AlexanderPico commented 4 years ago

Pasting original draft of MG3 goals here for reference:

Milestone Group 3: Summarization, filtering, and ranking tools We will focus on two activities. First, we will enable export of BTE results via the Reasoner API standard and in GraphML format. Despite having functional implementations of query path planning and execution, the current version of BTE does not include any significant capabilities for ranking and sorting. Exporting query path results in standard formats for prioritization outside of BTE is the first step in this area. Second, we will finalize an initial Translator version of DrugMechDB, a curated database of drug mechanisms [14]. DrugMechDB currently contains ~100 drug mechanisms expressed as paths through a knowledge graph. Here, we will normalize entity and predicate types against the BioLink Model. This database will be further developed in the later stages of BTE as a gold standard for quantitatively assessing methods for ranking and sorting. (More details are provided in the "Project Milestones" document.)

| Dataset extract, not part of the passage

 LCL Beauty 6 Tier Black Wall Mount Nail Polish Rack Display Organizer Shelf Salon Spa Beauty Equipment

Thus, the idea for MG4 was to follow suit and produce an export format for PFOCR content in particular that folks could use to perform reasoning and prioritization outside of BTE. Still a good idea?

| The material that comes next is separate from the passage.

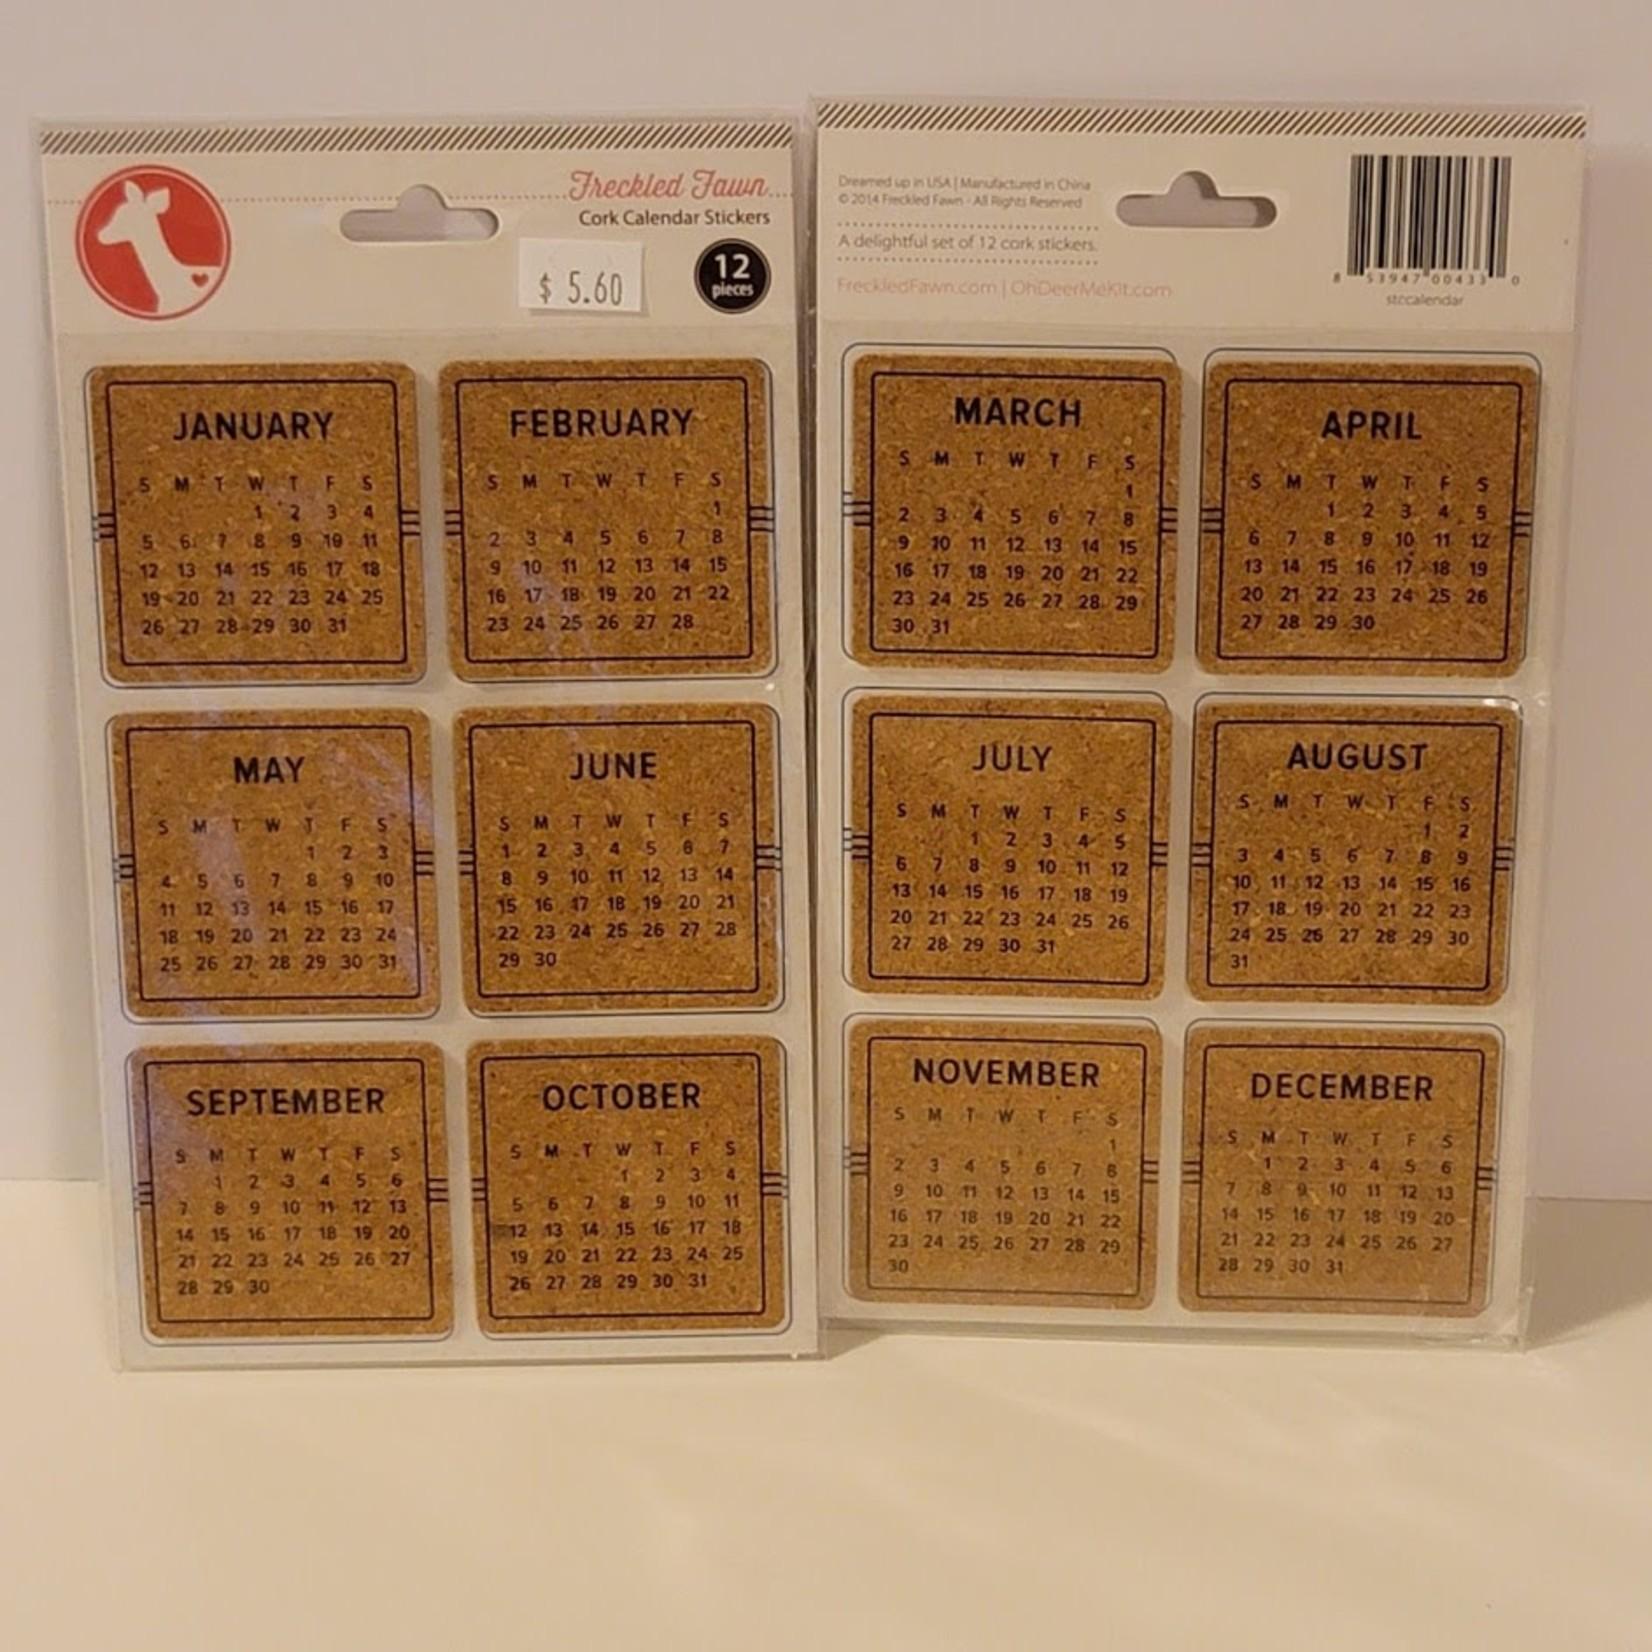 Freckled Fawn - Cork Calendar Stickers

AlexanderPico commented 4 years ago

Per discussion with Andrew, we've updated this aim. The originally proposed graph formats suffer from limited adoption and steep learning curves, making them poor choices for maximizing data access to users of BTE for external analysis/prioritzation. Let's start by providing JSON and collect feedback and requirements prior to choosing additional export formats.

AlexanderPico commented 4 years ago

PFOCR data is available in JSON format. So, this task is complete.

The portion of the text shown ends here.